Он стал думать о прошлом, о своей теперешней жизни, запутанной и неопределившейся. Он попытался представить себе, что думают и говорят о нем люди, судьба которых должна была быть и его судьбой. Хотелось вскочить, разбудить Новикова, крикнуть ему, что все это ерунда, какое-то наважденье, дикая неправдоподобная выдумка… Пора кончать! Довольно дурачить себя и всех. Какие там клубы. Махнуть с ним в поселок Болшево, напиться так, чтобы небо закачалось в глазах, и… будь, что будет! Ох, и напился бы теперь Мологин! Он с трудом справился с этим желанием.

Прибывшие с новой партией из Соловков рассказывали, что когда Васька Козел услыхал о Мологине, он не поверил. Он говорил, что это выдумано чекистами для дурачков. Когда же нашлись люди, лично видевшие Мологина в коммуне, когда доказательства сделались неопровержимыми, Козел исступленно выругался, швырнул шапку на снег и с омерзением закричал:

— Продался, рыжая гадина! И всегда такой был. Всегда! Только умел заметать. Погодите, от него еще не один наш товарищ заплачет!

В город Мологин поехал неожиданно. До этого он ездил туда всего один раз — в самые первые дни пребывания в коммуне.

Тогда он только зашел к сестре на Якиманку и, переменив ботинки, побежал в театр: они отправились вместе с Каминским и Накатниковым смотреть «Грозу».

Помнится, тогда Мологин немного задержался у сестры — она все никак не могла увериться, что это ее брат Алексей сидит перед ней невредимый и на свободе. Он запоздал минут на десять против условленного времени и сильно нервничал. Накатников рассказал после, что ребята нервничали тоже.

Отпуск в город Мологину предложил Сергей Петрович. Теперь предстояло ехать куда и к кому угодно Мологин никак не думал, что ему так скоро дадут это право. Ласковые, вкрадчивые глаза Катюши, размашистые жесты Загржевского, кусты и деревья дачи в Филях — все вдруг вспомнилось ему. Он позабыл на мгновенье, что всего этого давным давно уже нету. Радостное нетерпение овладело им, и всю дорогу, и на вокзале, и на людных московских улицах оно не покидало его.

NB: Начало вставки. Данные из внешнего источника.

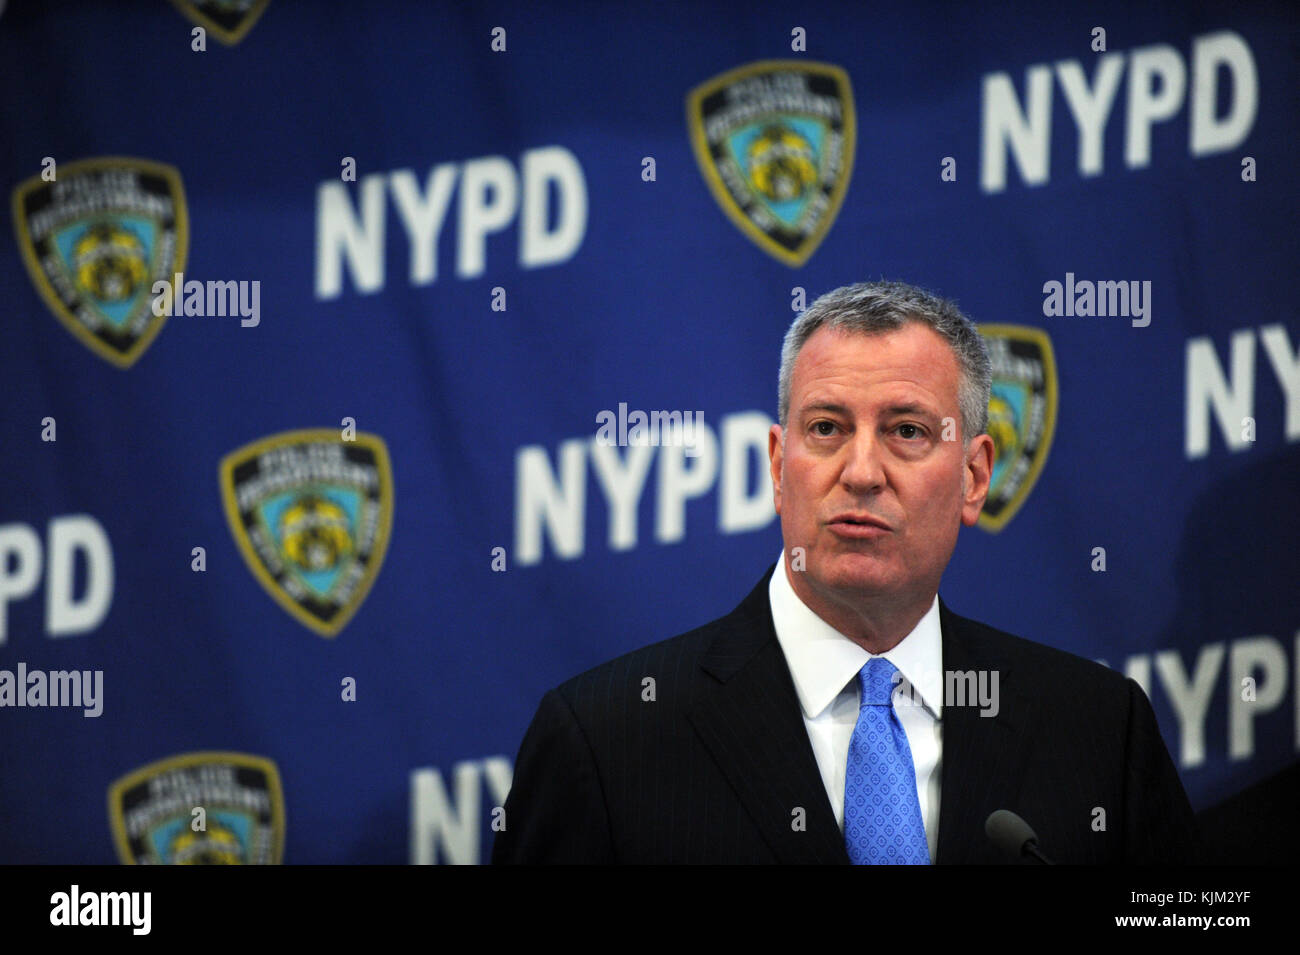 NEW YORK, NY - FEBRUARY 23: New York Mayor Bill de Blasio and Police Commissioner William Bratton announce CompStat 2.0 NYPD HQ on February 23, 2016 in New York City  People:  Bill de Blasio Stock Photo

Он шел по Тверской, немного сутулясь, беззвучно ступая, легко дыша. Он чувствовал все свое тело, и оно казалось необыкновенно ловким, сильным, изумительно послушным ему. Он не оглядывался, но знал, кто идет сзади, кто идет по противоположной стороне улицы, почти угадывал, куда и зачем идет. Он ощущал это спиной, плечами, кожей…

Освещенные низким солнцем, тесно сдвинутые дома Тверской выглядели приветливыми и принарядившимися. Извозчик, беспокойно оглядываясь на милиционера, проехал мимо. Как он неловок, как он унижен обгоняющими его машинами! Трамвай у остановки затормозил с визгливым скрежетом. С передней площадки, не спеша, спустился Мишка Бабкин и посмотрел сначала в одну, потом в другую сторону. Он был в пальто «реглан», в шикарной клетчатой кепке, над толстыми лиловыми губами топорщились подстриженные беленькие усики.

«Бабкин», чуть не воскликнул Мологин. Он пошел к нему, спеша, наскакивая на пешеходов. Пусть это только Бабкин, но ведь он оттуда, с того берега. Мологин узнает, где Катя, где Загржевский, услышит хвастливый рассказ о самом Бабкине.

«Нельзя поверить», подумал он вдруг. Старенький бьюик обежал его с сердитым фырканьем. Пустые неузнающие глаза Бабкина скользнули по лицу Мологина. «Нельзя, невозможно поверить», снова подумал Мологин. Он круто повернул и пошел назад. Полузакрытые ворота какого-то дома обдали запахом аммиака и погреба. «Значит, можно существовать, можно еще „работать“, если на воле такая птица».

Было очевидно, что Бабкин не заметил и не узнал его.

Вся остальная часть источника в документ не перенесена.